Try to identify what’s at the heart of your negativity. What’s at the root of this feeling? Is it coming from a place of habit (i.e., do you always default to negative self-talk)? Why are you envious of that other girl on Instagram? What is she achieving that you want in your life? Can you pivot envy into motivation, using it to illuminate goals you may not have realized you had? Why are you chastising yourself right now, really? Take a few moments to dissect these feelings, and really try to determine what’s at their core. Don’t just brush it off as “just the way I talk to myself.”
Take stock of the things and people around you. As much as possible, surround yourself with people and things and situations that can help fuel positive self-talk. Maybe that means you unfollow certain social media accounts. Maybe it means you open up and share your self-talk journey with a friend who can help you dig into your feelings and habits. Maybe it means you aim to spend more time with people who are overall more optimistic and positive (because that stuff is CONTAGIOUS, just like negativity spreads like wildfire).
Direct the focus away from yourself. It’s not a revolutionary thought, but by spending your time and energy helping others, you’re sure to feel happier and more fulfilled and needed overall. This can be as simple as encouraging a friend, or taking the time to send a quick, heartfelt email to someone you haven’t connected with in a while.
Throw away the notion of “always” and “never” (and other black and white words). Because, after all, things are rarely black and white. Plus, the beauty of being human is that we are always evolving (or we should be, if we’re doing this whole humanity thing right!). Let yourself be okay living in the gray. In the place of change and growth and learning.

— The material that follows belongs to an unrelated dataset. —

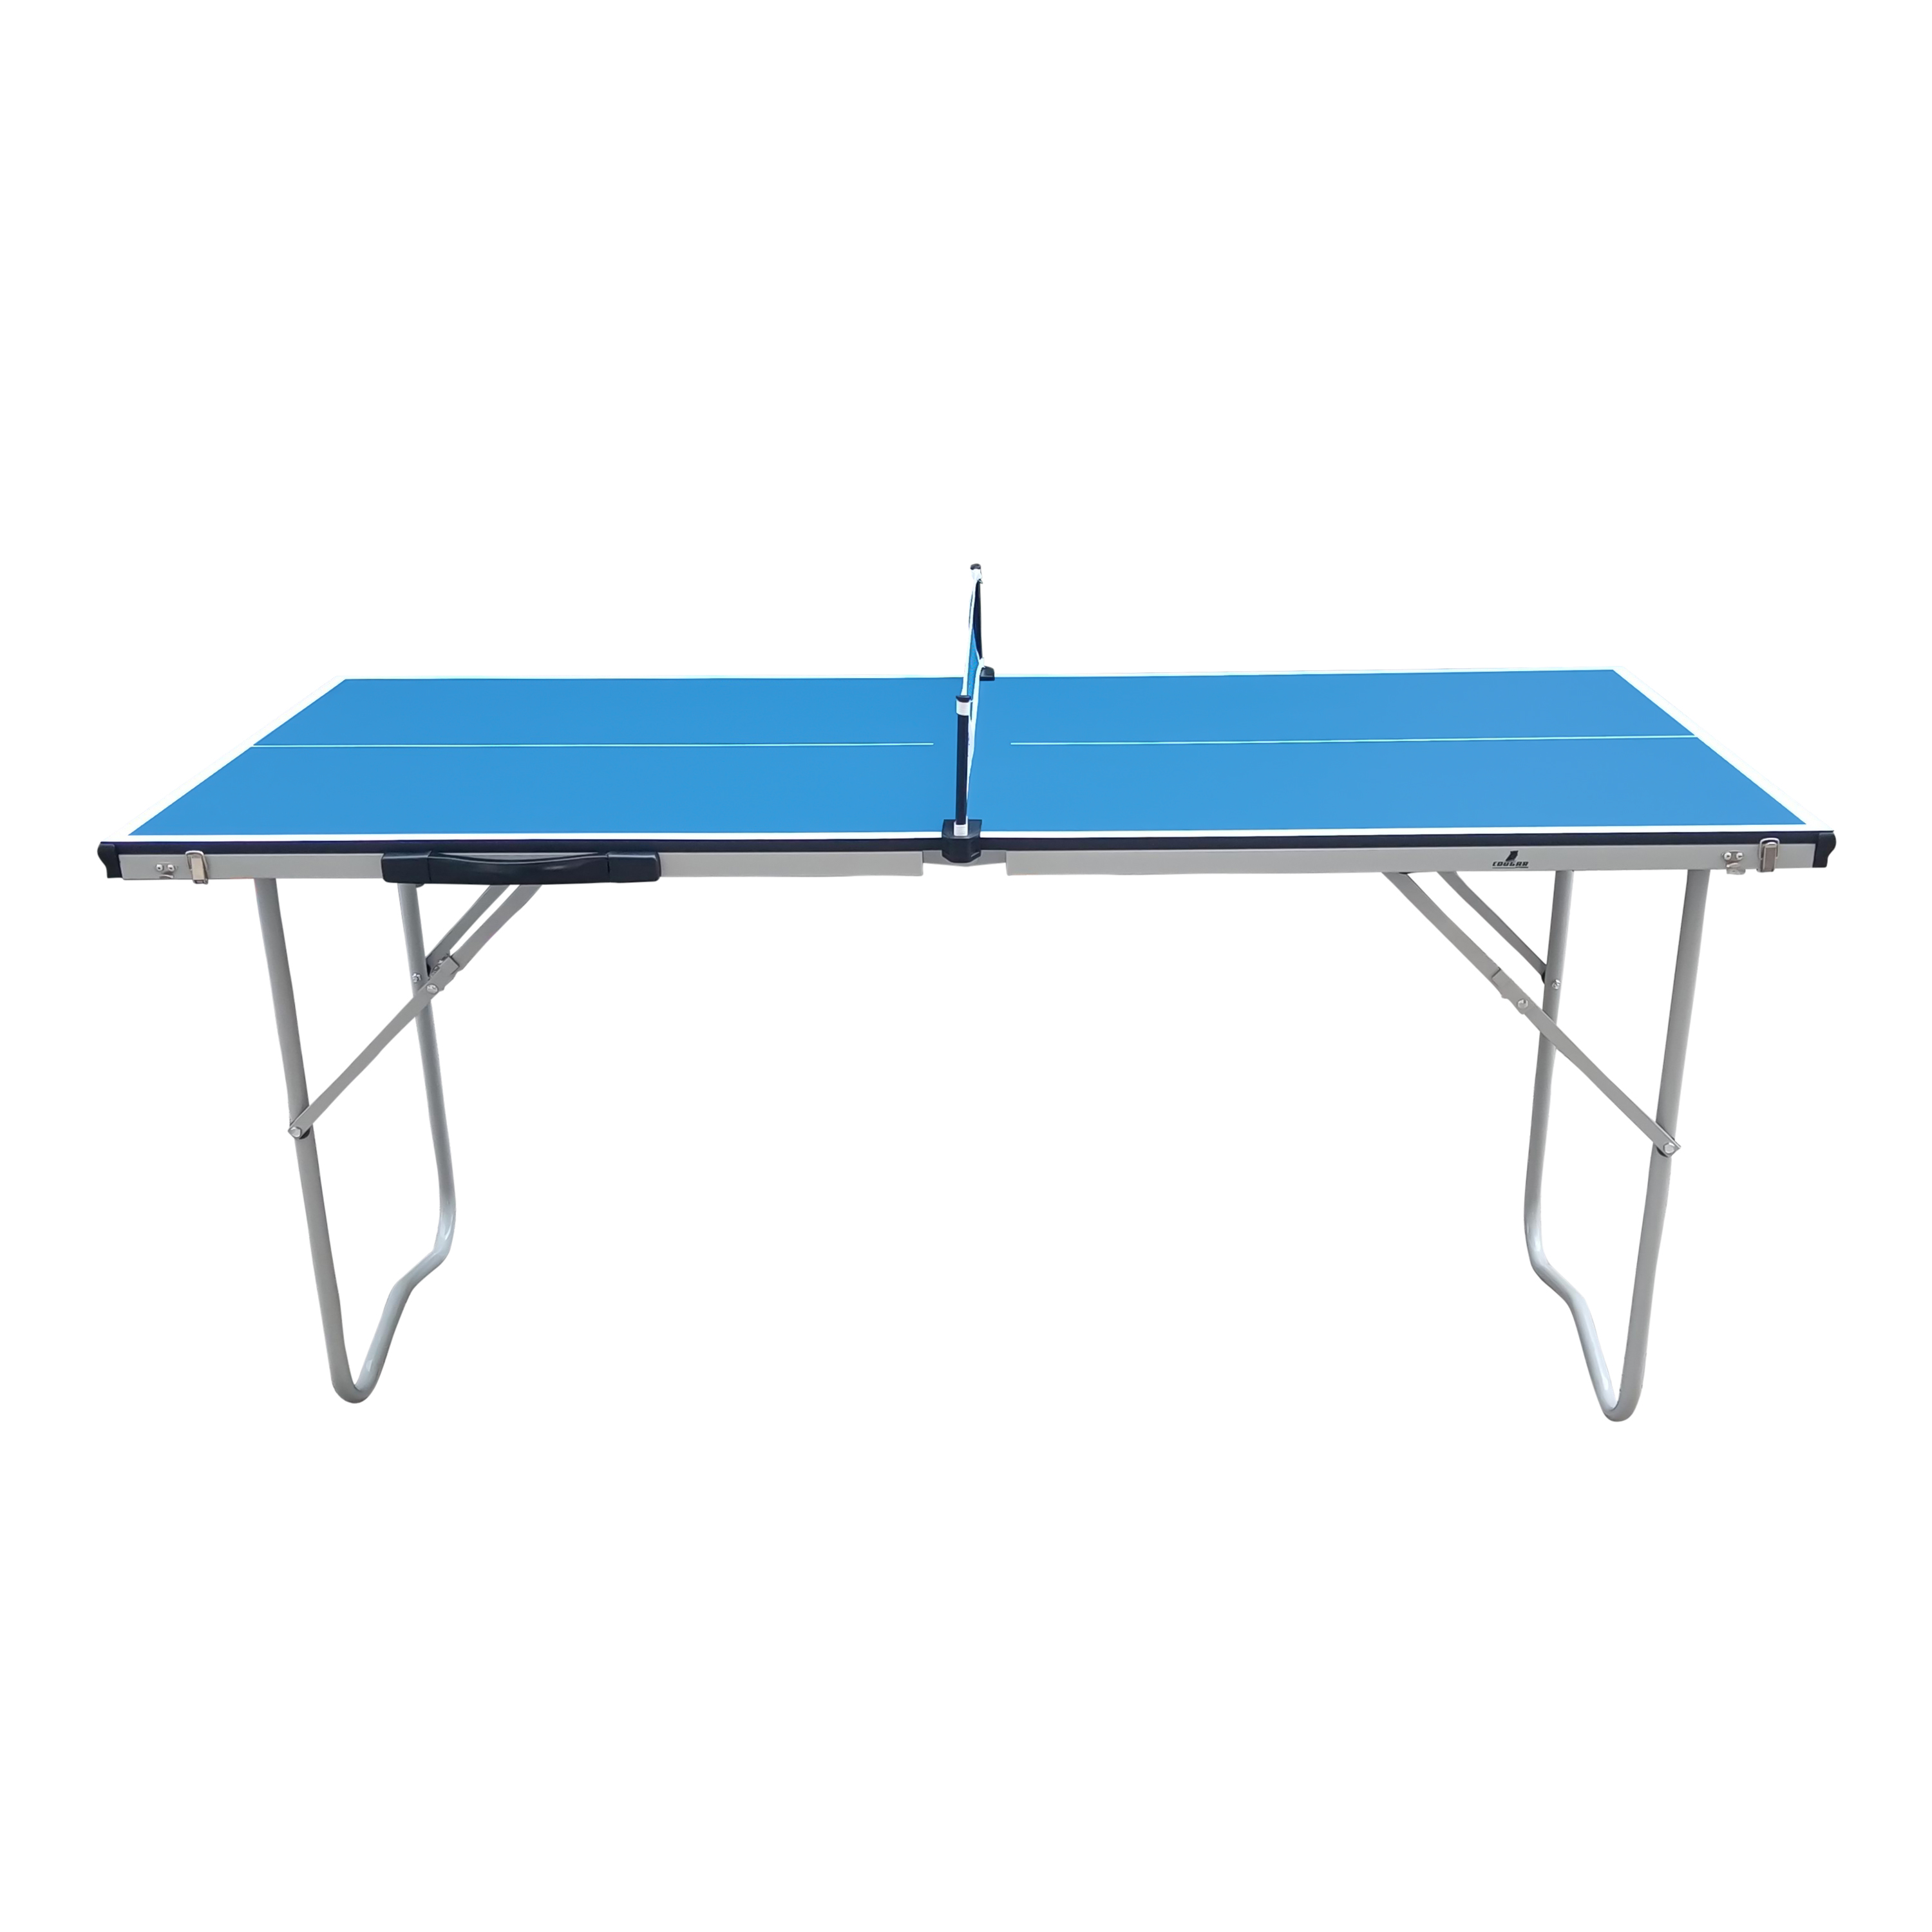 Cougar Tischtennisplatte Mini 1500 Basic tragbar Blau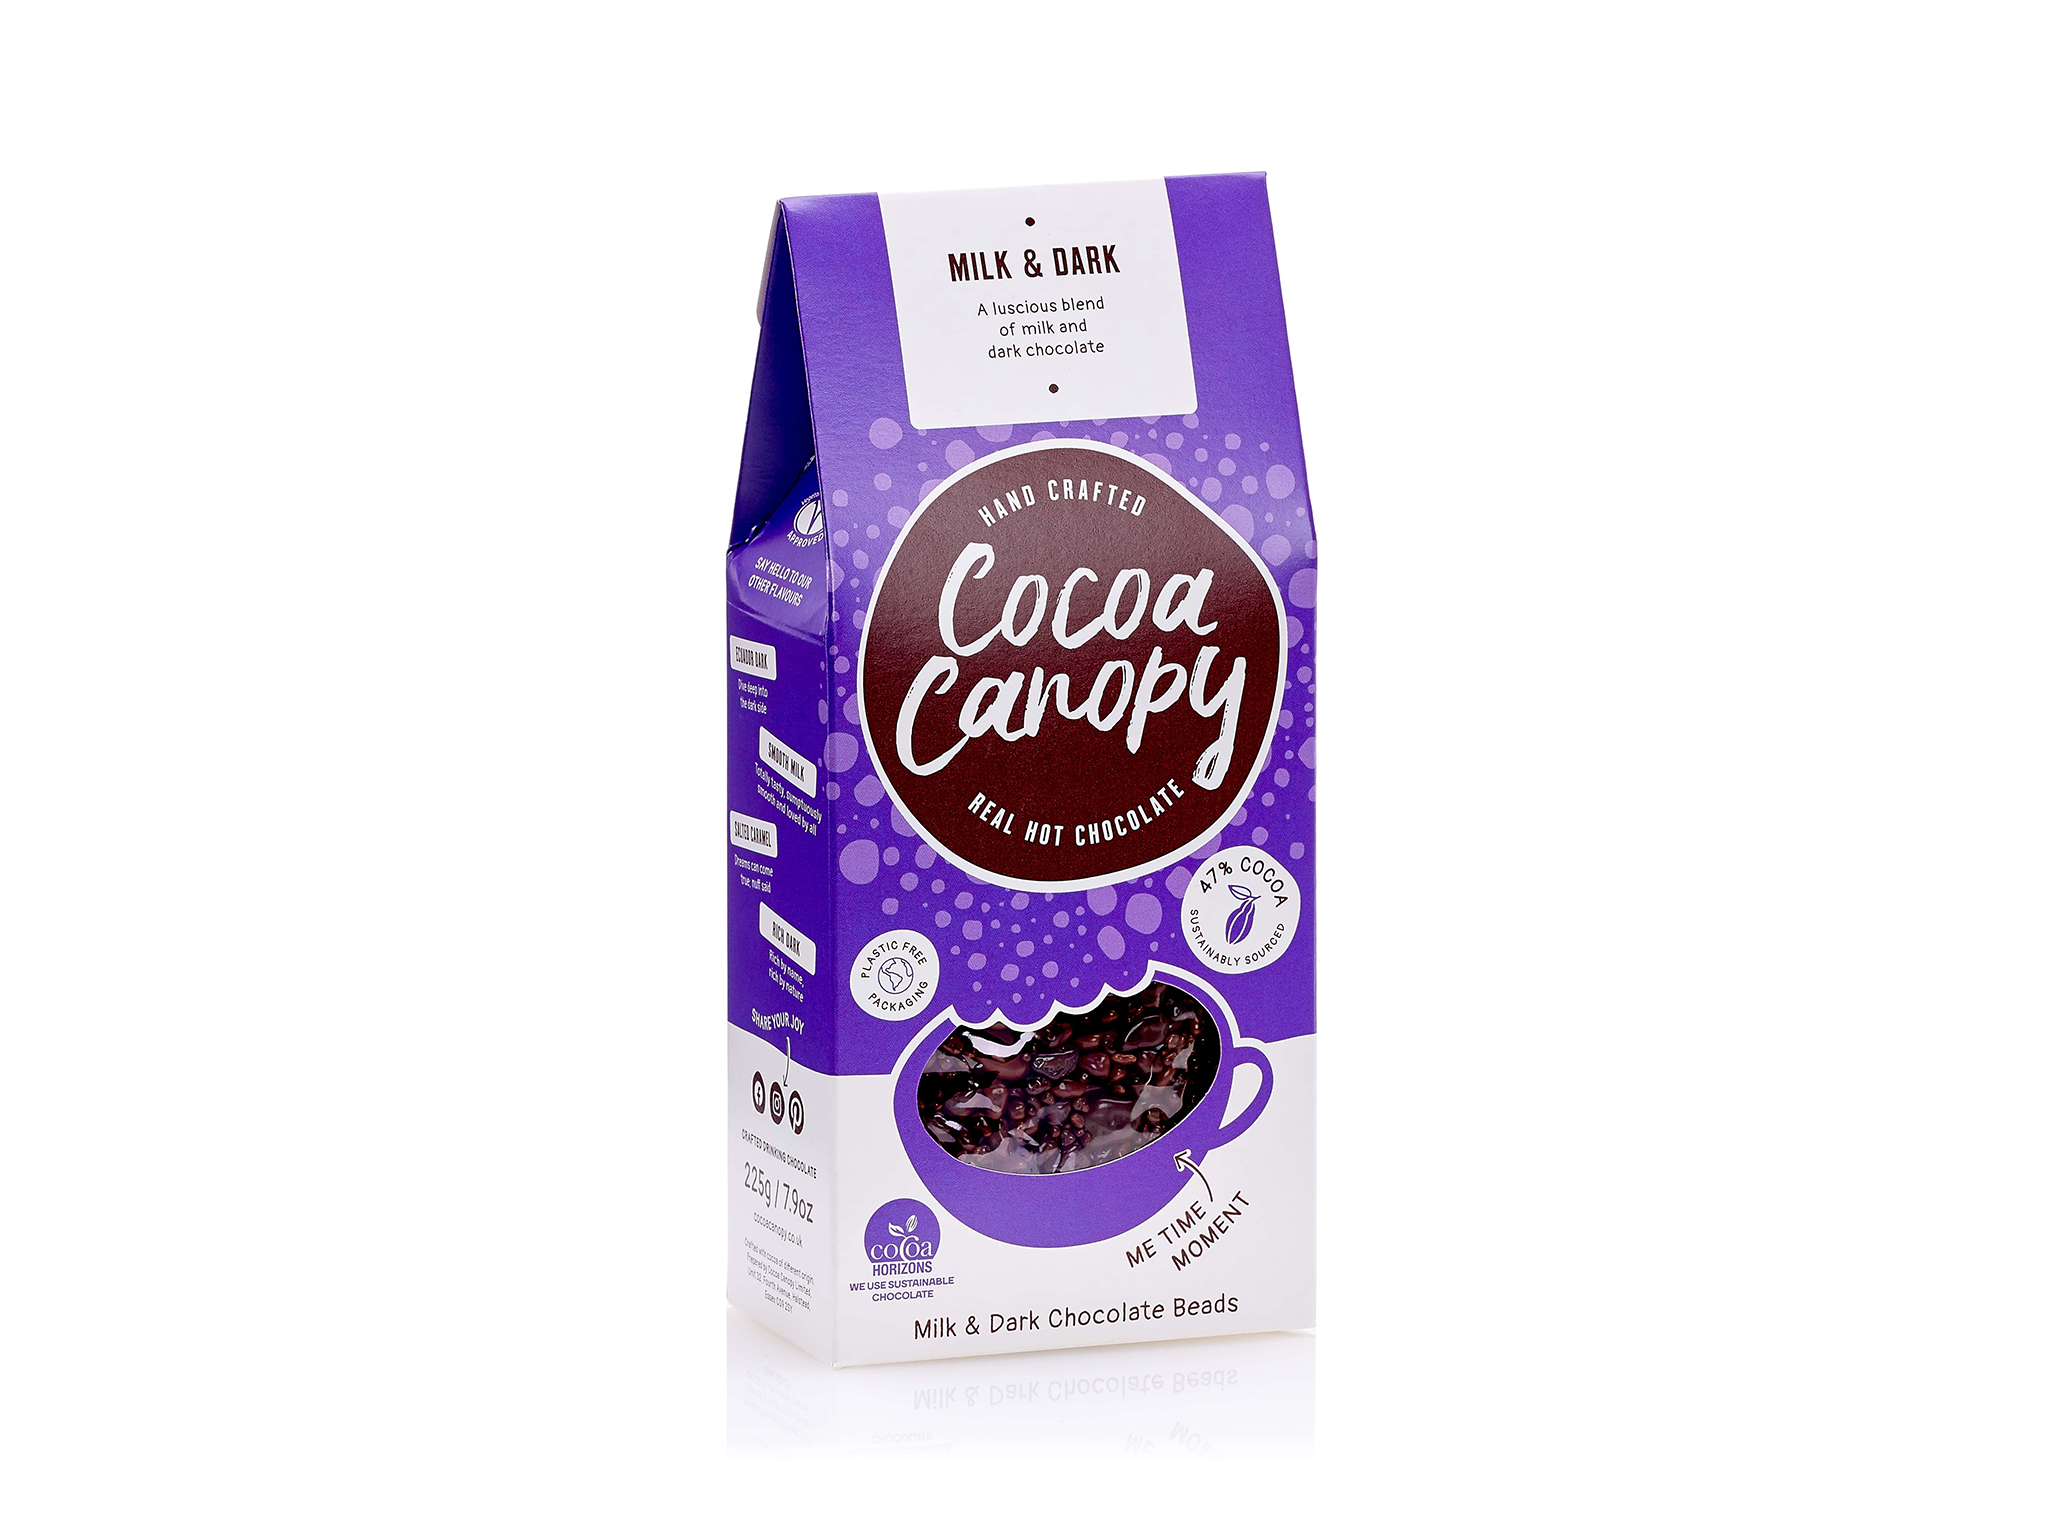 Cocoa Canopy milk & dark

Create a mantra that can be your go-to. I think negative self-talk is largely habitual. (Mine was, at least.) To help break this habit, determine a mantra you can reach for over and over when you need it most. It doesn’t have to be at all deep or insightful or inspirational, but it can act as a tool. Pulling out that mantra is telling those negative feelings and words that you see them and you’re not going to let them take the reins today.
Keep at it. There will definitely be moments and days and possibly weeks where you can’t shake the negative self-talk, no matter how many cheesy positive self-talk tactics you employ. Welcome to being human! Just keep trying to temper those negative thoughts as often as you can, and eventually you’ll be able to hoist yourself into a more positive, affirming place.
Get excited about what this means for your life. Are you ready to be happier overall? To be better at being genuinely excited for others (rather than feeling jealous or “less than” when others succeed)? To be a better friend, sister, wife, mother, etc. as a result? To be healthier? To live more fully, and without as much hesitation? This is hard work but, like most things that are difficult, it’s SO very worth it.
Love this post! Like you, I also have a young daughter (10 months old) and I often think of the loving, accepting self-image I hope she develops and how I need to learn to do the same for myself. Thanks for the honesty and sharing!
Thank you so much, Emily. And yes — as mama to a little girl, I think SO often about what kind of example I want to set for her. She will absolutely struggle, and will have to go through challenges that will be so hard to watch, but my hope is I can model healthy behavior for her in as many ways possible along the way. Thank you for reading, and for your comment! 🙂
This was a great reminder to me, as I struggle with focusing on the negative things instead of looking for ways to be kind and positive in my self-talk and in interactions with others. Thank you.
I’m so glad you found it helpful!
Excellent advice and I love the positive message!